Появился известный опыт, а с ним пришла уверенность в своих силах. Вместе с тем
неизменные удачи совершенных ими диверсий делали их все более неосторожными. В
конце концов у них стали рождаться такие замыслы, которых они по молодости своей
не могли достаточно глубоко и тонко продумать и
осуществить. Фадеев хорошо это знал. Цитированная выше
запись в его краснодонском блокноте ("чем больше признаков бегства немцев, тем
молодогвардейцы делались менее осторожны") это убедительно подтверждает. Но если
бы писатель занялся детальным исследованием подобных моментов в истории
подполья, у него получилась бы скорее острая психологическая драма, чем яркая
романтическая картина. И он предпочел отказаться от такого
исследования. Каковы же те рискованные замыслы
молодогвардейцев, о которых идет речь? С
одним из них связан прием в организацию некоего Геннадия Почепцова.
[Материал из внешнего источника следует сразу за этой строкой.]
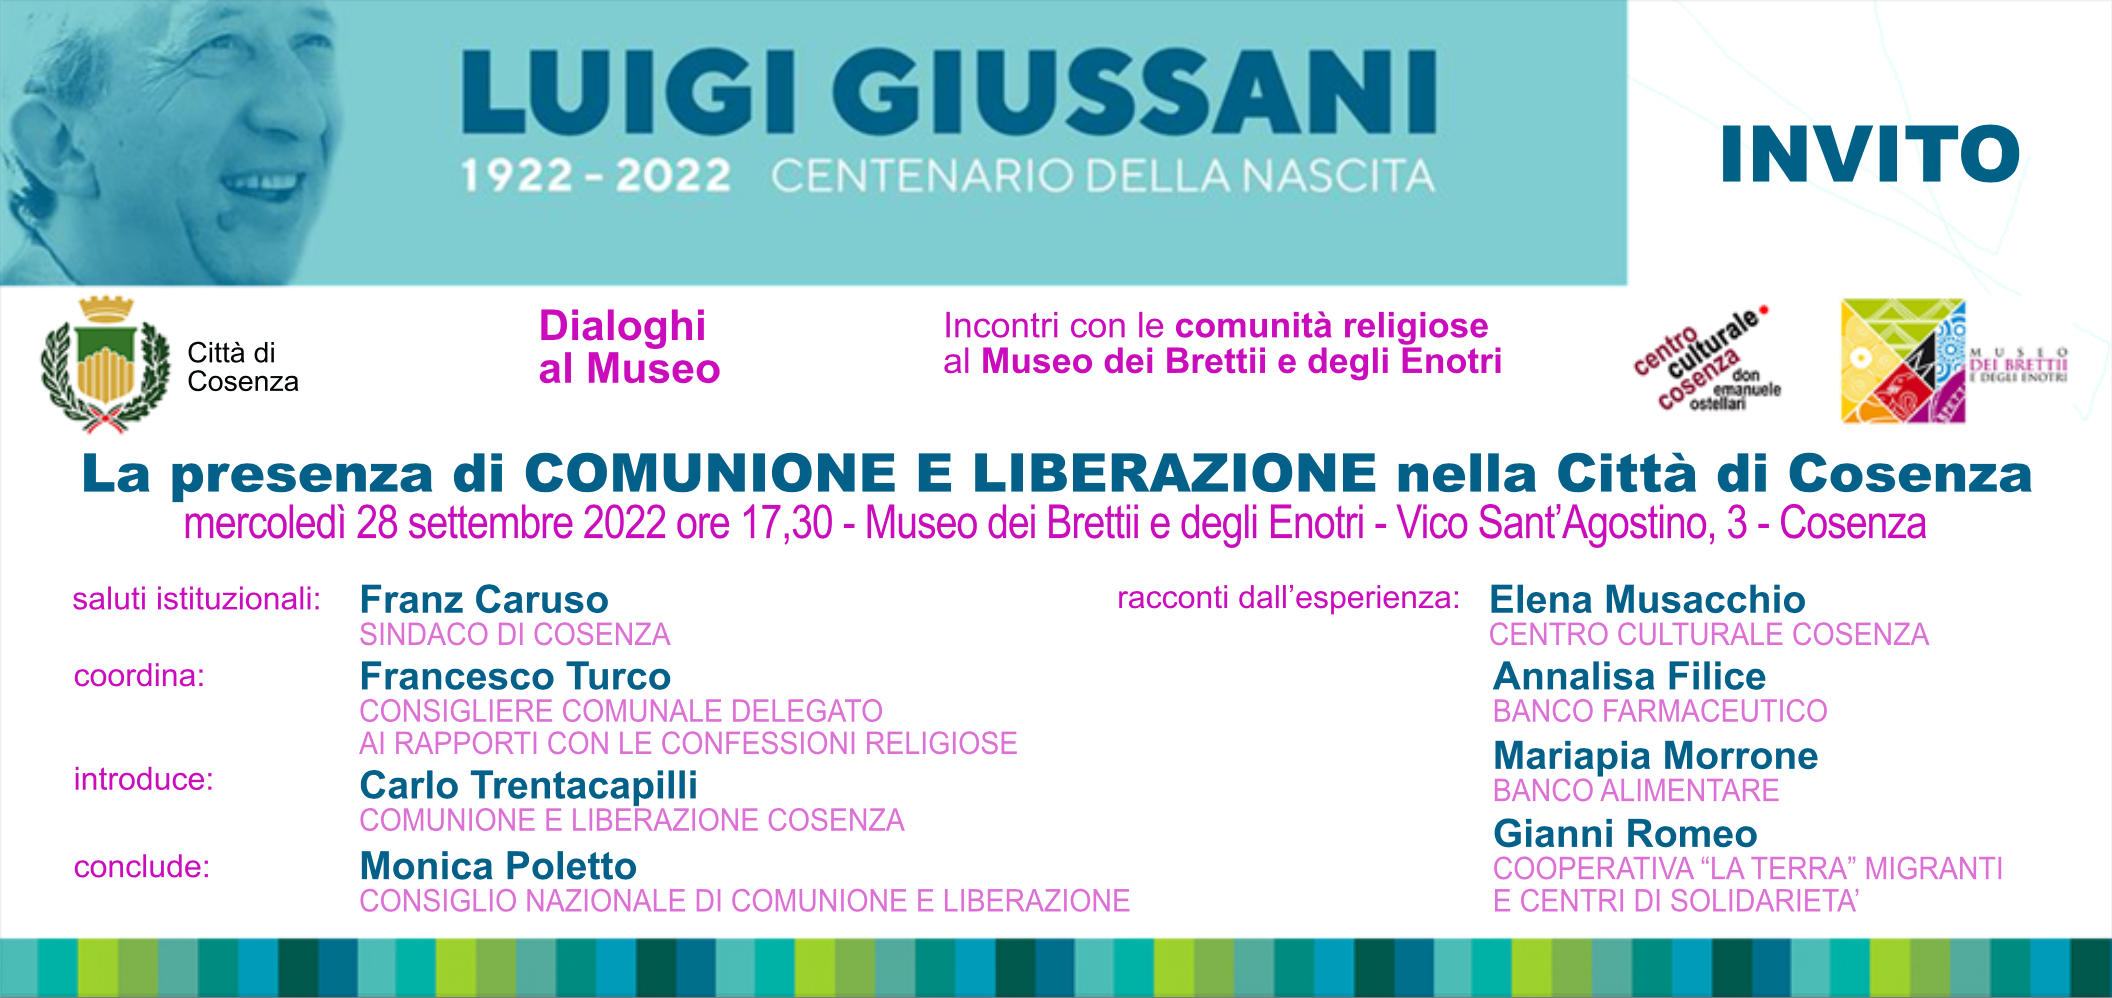 Featured image for “Cosenza: Luigi Giussani”

Ребята из
первомайской группы, куда был зачислен Почепцов, хорошо знали, что он собой
представлял. Еще в школе этот хорошо развитый и красивый парень, баловень
состоятельных родителей, привык ни в чем себе не отказывать, свысока
посматривать на сверстников, которые жили не так обеспеченно. А в первые же
месяцы войны ребятам доводилось слышать от него далеко не патриотические
высказывания. Но молодогвардейцев интересовал не сам
Почепцов, а его отчим, Громов, - фигура - мрачная и требовавшая
к себе еще более пристального внимания. Бывший врангелевский офицер,
успевший к концу гражданской войны из Нуждина превратиться в Громова, он сумел
укрыться в Донбассе, нашел доходное местечко и не бедствуя ждал своего часа. С
приходом немцев Нуждин-Громов стал начальником шахты № 5 и одновременно
тайным агентом полиции. Именно это обстоятельство и вызвало у молодогвардейцев,
которые каким-то образом узнали о его секретной службе, повышенное внимание к
этой фигуре. Они надеялись, что сумеют повлиять на Почепцова и заставят его
выведывать у отчима намерения и планы полиции. Ребята рассчитывали, видимо, что,
в связи с приближением советских войск и просто страшась мести членов
организации, Почепцов не решится на предательство. И никто не подумал о том, что
в этой смертельно опасной игре на стороне Громова немалый житейский опыт и
обостренный нюх затаившегося классового врага. Другим
неосторожным шагом юных подпольщиков была организация новогодней вечеринки, на
которую, в числе нескольких ребят, не состоявших в "Молодой гвардии", был
приглашен и сын бургомистра Стаценко. Ребята намеревались таким образом отвести
от себя подозрения полиции, которая уже разыскивала таинственную "Молодую
гвардию". Только один Сергей Тюленин почувствовал,
насколько опасна эта затея. Но ни его уговоры, ни угрозы не подействовали на
товарищей. Сейчас уже невозможно установить, чем выдали
себя ребята на этой вечеринке. Но на следующий день были арестованы Третьякевич,
Мошков и Земнухов, которых действительно выдал мальчишка, торговавший на рынке
немецкими сигаретами, и одновременно полиция ринулась по домам тех, кто
присутствовал на вечеринке. Сергей Тюленин, который
первым узнал о начале арестов, успел предупредить товарищей, и всем им сначала
удалось скрыться. Но тут подоспел со своим доносом Почепцов. Была взята вся
первомайская группа, после чего опытному полицейскому следователю Кулешову не
составило большого труда по дружеским связям ребят и по другим приметам раскрыть
всю организацию. Таким образом, продажа немецких
сигарет была лишь одним из звеньев в целой цепи отнюдь не случайных ошибок. И
трагичнее всего было то обстоятельство, что ребята не смогли избежать их. В
короткий срок они обрели и мужество, и отвагу, и практическую сметку, но не
успели научиться трезвому анализу фактов, предвидению неожиданностей, разумной
осторожности. Это и привело их к гибели. Фадеев все это
знал. В его распоряжении с самого начала был документ, в котором о провале
комсомольского подполья было рассказано достаточно
подробно. Вот полный текст этого
документа.
"К материалу о
подпольной комсомольской организации в г. Краснодоне "Молодая
гвардия" Провал организации пошел по двум каналам.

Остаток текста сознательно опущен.